Sukiyaki Western Django
di Takashi Miike, 2007
In un villaggio western post-apocalittico, in realtà senza tempo, e apparentemente abbandonato, si scontrano senza sosta e da tempo, sullo sfondo di storie d'amore fratricide e drammi shakesperiani, la banda dei bianchi e quella dei rossi - ispirate ai clan che si affrontarono nel medioevo giapponese nella Guerra Genpei del XII secolo. L'avvento di un cavaliere solitario e il ritorno di una guerriera leggendaria ne faranno collassare gli equilibri.
Come già si è intuito dai commenti del
post in attesa, pare che ad affrontare una strenua difesa di
Sukiyaki Western Django, uno dei tre film di Takashi Miike usciti nel 2007, si vada incontro a un vero e proprio muro di gomma: e sto parlando di chi effettivamente l'ha visto. Ma anche a raccontarlo a chi vorrebbe vederlo o ne è incuriosito, non va molto meglio: un western che nell'ottica di un "ritorno a casa" circolare, rimescola Sergio Corbucci e Akira Kurosawa, Sergio Leone e la Nikkatsu, per di più con un cast quasi interamente giapponese che recita un improbabile e biascicatissimo inglese?
Eppure, com'è che io mi sono divertito come un pazzo? Probabilmente mi sto rincitrullendo, o forse sono solo passato sopra ai suoi evidentissimi e macroscopici difetti, alla recitazione canina (intendiamoci: se molti attori forse non sanno nemmeno cosa diavolo stanno dicendo, di sicuro
noi non capiamo cosa diavolo stanno dicendo), al fatto che ci siano dei continui cali di ritmo e interesse, che in alcune parti diventi una palese e ricercata cretinata, buona giusto per ragazzini invasati e nostalgici del cinema di serie B: ma è di Takashi Miike che stiamo parlando, il film è un'opera tanto sconclusionata quanto anarchica e vitale, non è nemmeno il film modaiolo (fuori tempo massimo) che avrebbe potuto diventare, e una volta posto che non siamo di fronte a uno dei suoi capolavori, da Takashi Miike io voglio solo farmi sorprendere.
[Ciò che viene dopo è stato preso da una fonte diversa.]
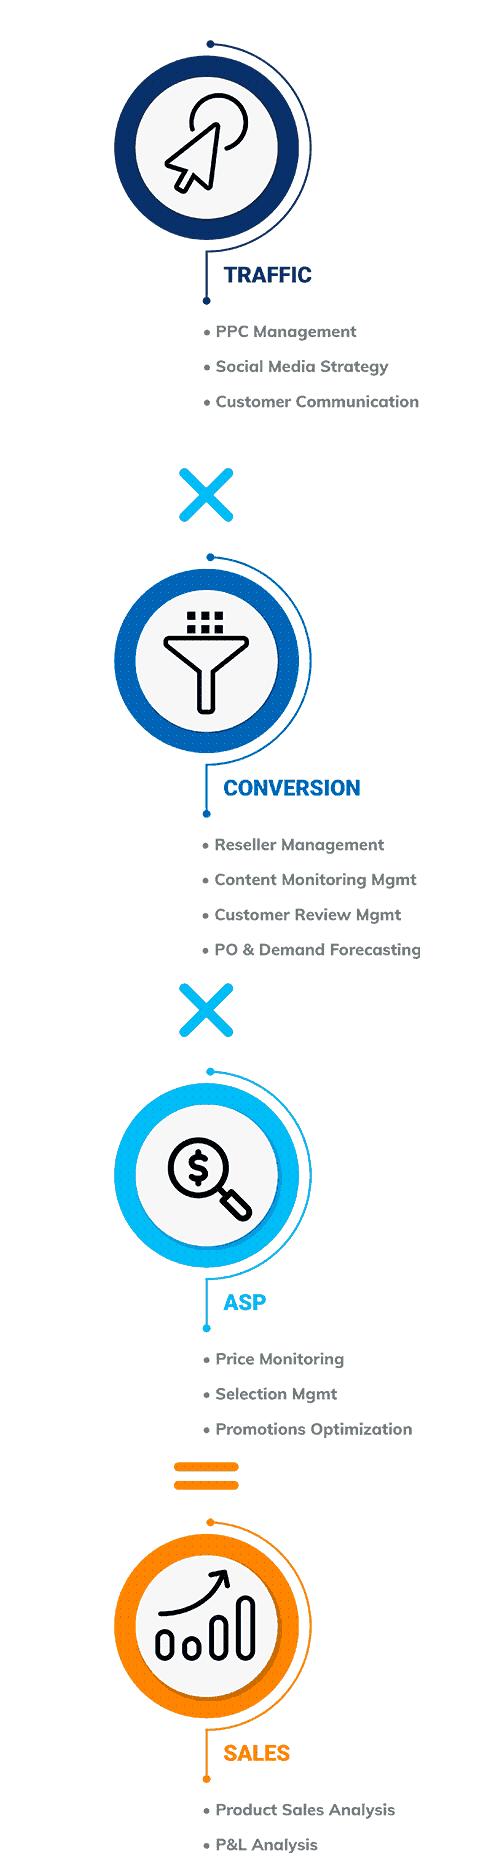 The ecommerce sales equation: Traffic x conversion x ASP $ = Sales

E se
Sukiyaki Western Django mi ha sorpreso così, tanto basta.
Anche solo (ma non solo!) per l'aspetto puramente plastico: grazie all'apporto del direttore della fotografia Toyomichi Kurita, il film è uno dei più visivamente spettacolari del prolifico regista nipponico, anche se in un senso molto più "ordinario" del solito: la mobilità della macchina da presa e la composizione dell'inquadratura (che riprendono spesso stilemi del western italico, come nelle sghembe o nell'uso dello zoom) lasciano senza fiato, e Miike e Kurita riescono a costruire sequenze magnifiche e folgoranti come la danza improvvisa e interminabile della bellissima Yoshino Kimura (impegnata poi anche in una memorabile fellatio fuoricampo). E poi i tocchi miikiani, che ci stanno sempre: l'insistenza su quelle rose di speranza lasciate crescere tra la sabbia, un bazooka cartoon nascosto in un antico baule, trovate grottesche come quelle del "test" dei samurai, un flashback veloce e silenzioso piantato qui e là.
Davvero molto bello - e immagino anche gradito ai più - l'incipit stilizzatissimo con il sempre più bolso Quentin Tarantino (che rivedremo ridicolmente invecchiato nella seconda parte) che nei pochi minuti iniziali aiuta a dare una chiave di lettura abbastanza chiara: non prendete alla lettera, né troppo seriamente, quello che vedrete. Divertitevi e basta.